Chris Barber: Can't Stop Now (European Tour 2007) (1986-2007 [2007], MVD Audio): The cover is misleading in several respects: only one cut was recorded in 2007 (although it's given two dates and locations); all but two of the rest were recorded in the UK in February and November 2006, which isn't exactly what you'd expect from a European Tour; the two loose ends date from 1988 or 1986 (one is listed both ways); Andy Fairweather Low is pictured as "special guest," but he's only appears on three songs (more/less those named on the cover, with "Worried Man Blues" advertised as "It Takes a Worried Man," and a medley with "Will the Circle Be Unbroken" reduced to "Lay My Burden Down." Barber sings two others, including "Can't Stop Now," which I originally took as Low making a joke of his foundered rock and roll career. Still, this confusion has remarkably little effect on the music. Low's "Worried Man Blues" triangulates perfectly with Barber's skiffle sideline, picking up where Lonnie Donegan left off. And Barber's trad jazz is timeless: he's done it for 53 years, so slipping a couple decades is hardly noticeable. B+(**)

Jim Snidero: Tippin' (2007, Savant): Alto sax player, has a bunch of records since 1987, hard bop or postbop, of varying levels of ambition. He takes it easy with this organ quartet, letting Mike LeDonne and guitarist Paul Bollenbeck do the heavy lifting, topping it off with his exquisite riffs. Evidently there's a market for this sort of thing, and this is much better than par for the course.
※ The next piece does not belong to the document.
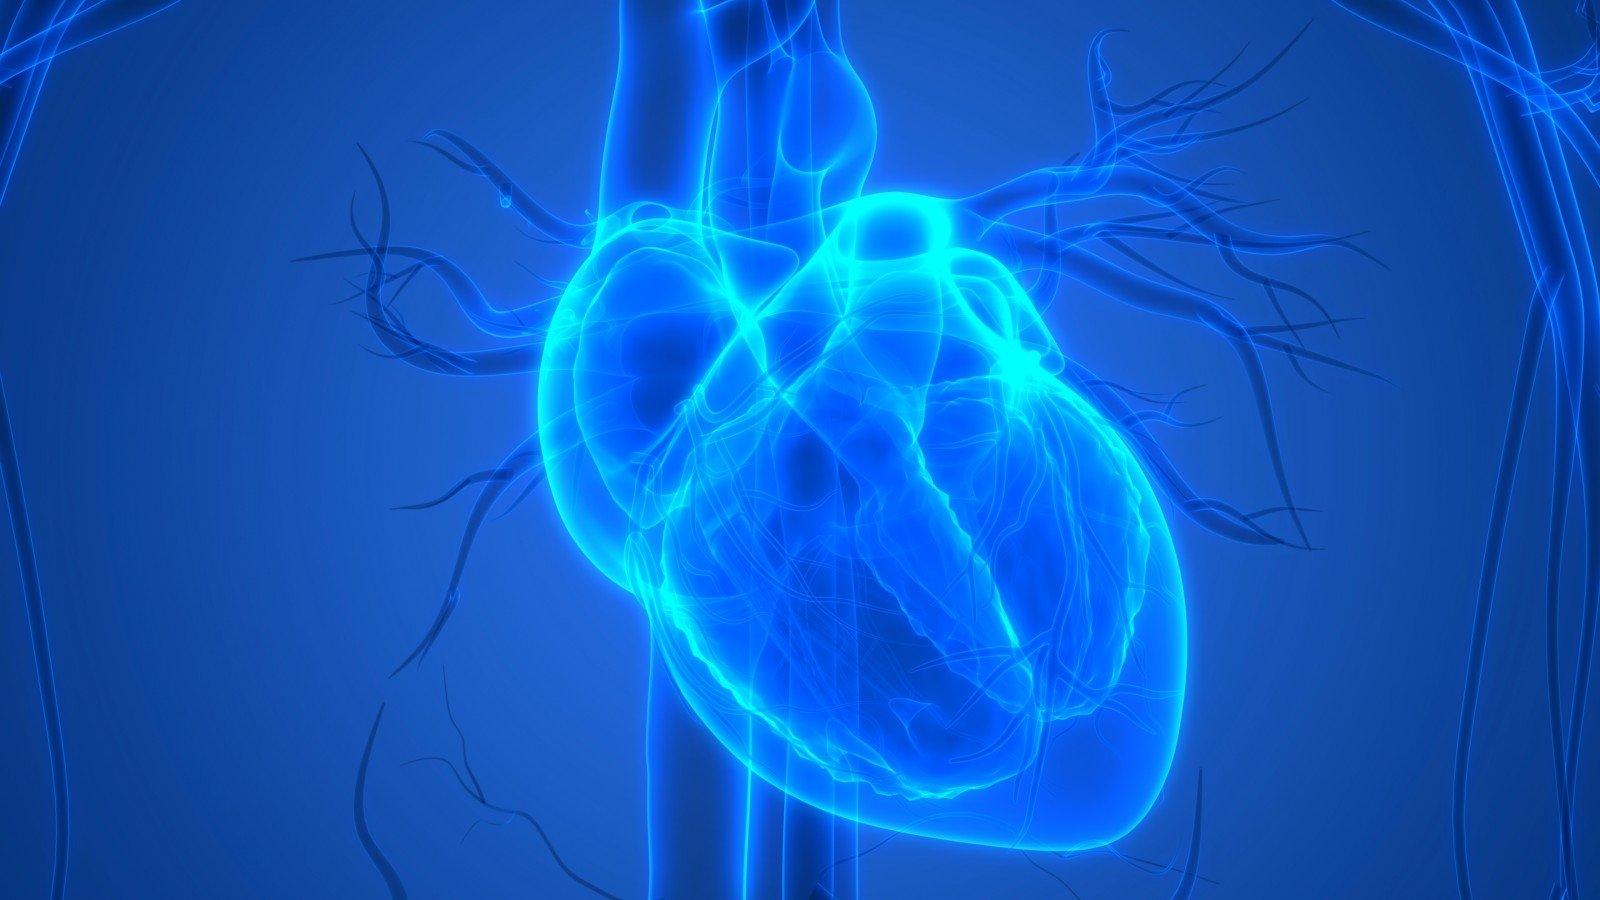 augintinio sveikata ir širdis murkia

B+(**)

John Stein: Green Street (1996-98 [2007], Whaling City Sound): Guitarist, originally from Kansas City, MO; now based in Boston, teaching at Berklee. Has a half-dozen albums starting in 1995. This was his second, released in 1999 on A Records (or Challenge; sources differ, but if I recall correctly Challenge is the parent label). It's a fairly conventional organ-guitar-drums trio with guest tenor sax on 5 of 12 cuts. Stein's guitar and Ken Clark's organ hit the right notes, but the real soul jazz comes from Fathead Newman's tenor sax. Wish there was more of it. B+(**)
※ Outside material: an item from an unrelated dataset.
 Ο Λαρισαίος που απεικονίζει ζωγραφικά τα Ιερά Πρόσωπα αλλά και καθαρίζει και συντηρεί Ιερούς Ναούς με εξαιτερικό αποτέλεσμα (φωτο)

And these are final grades/notes on records I put back for further listening the first time around.

Happy Apple: Happy Apple Back on Top (2007, Sunnyside): Bad Plus drummer Dave King's other power trio, with Erik Fratzke's bass plugged in and Michael Lewis leading on one sax or another. Given their Minneapolis address, it's tempting to call them the Husker Du of free jazz, assuming you can make all the necessary translations. It is jazz, after all, and while they like rock grooves more than most, they never leave it at that. A-

Rafi Malkiel: My Island (2007, Raftone): Latin jazz, with all the bells and maracas and a few old fashioned vocals, the songs broken down by style and country, ranging from Brazil to New Orleans, with Cuba predominant. The leader is an Israeli trombonist, and occasionally a klezmer vibe slips in. His island is Manhattan. A-

Freddy Cole: Music Maestro Please (2006 [2007], High Note): A pretty good soft crooner album with Bill Charlap's trio for backup, a high class move that doesn't translate into anything fancy. He has a lock on the family sound, but has moved on to a new level of maturity. B+(**)
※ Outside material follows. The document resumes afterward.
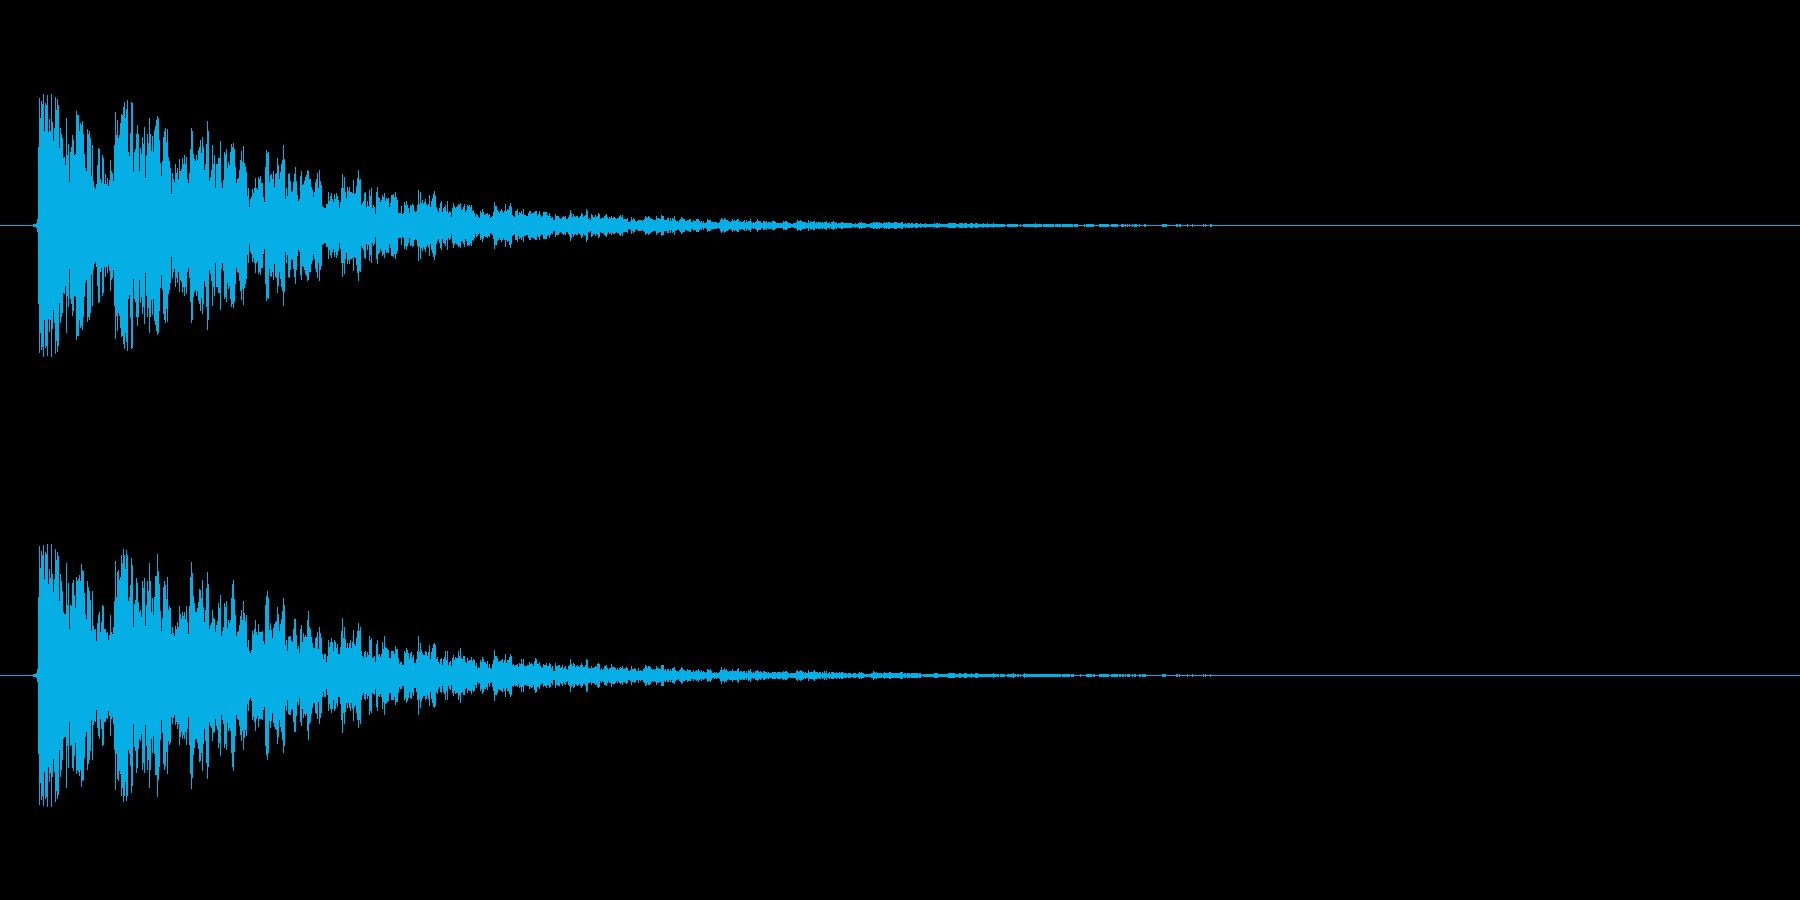 【衝撃06-3】の再生済みの波形

Robert Wyatt: Comicopera (2007, Domino): I used to think I was one of his biggest fans, but I'm not able to come up with the enthusiasm of more than a few bigger fans who've posted this on their year-end lists. (In fact, The Wire has given their top spot to his last two albums.) The album does have its moments, including "Hasta Siempre Comandante," his best Che Guevara song since "Song for Che" on Ruth Is Stranger Than Richard. I like the duet on "Just as You Are," the sax and vibes, his less-than-virtuosic trumpet/cornet, and a few other things. But I also find it awkward and ungainly, difficult and inaccessible -- things that the real fans are able to overlook. I must not be one anymore, which saddens me. B+(**)

Trio M [Myra Melford/Mark Dresser/Matt Wilson]: Big Picture (2006 [2007], Cryptogramophone): Taking a clue from first names, they call themselves Trio M, but are established enough to keep their names on the spine. I figure the complex cerebral stuff is pianist Melford's and credit the bouncy bits to drummer Wilson. There's no doubt that the weird arco bass is Dresser's. He has a huge reputation, but rarely makes albums you can kick back and enjoy. This is the exception. A-

Evan Christopher: Delta Bound (2006 [2007], Arbors): A young student of the New Orleans clarinet tradition, starting with Lorenzo Tio Jr. and leading through Tony Parenti but with no explicit reference to George Lewis. Whereas most New Orleans jazz uses clarinet for contrast against the brass, this quartet, with Dick Hyman textbook perfect as usual, singles it out. For better or worse, without the competition Christopher never gets the chance to go wild. B+(**)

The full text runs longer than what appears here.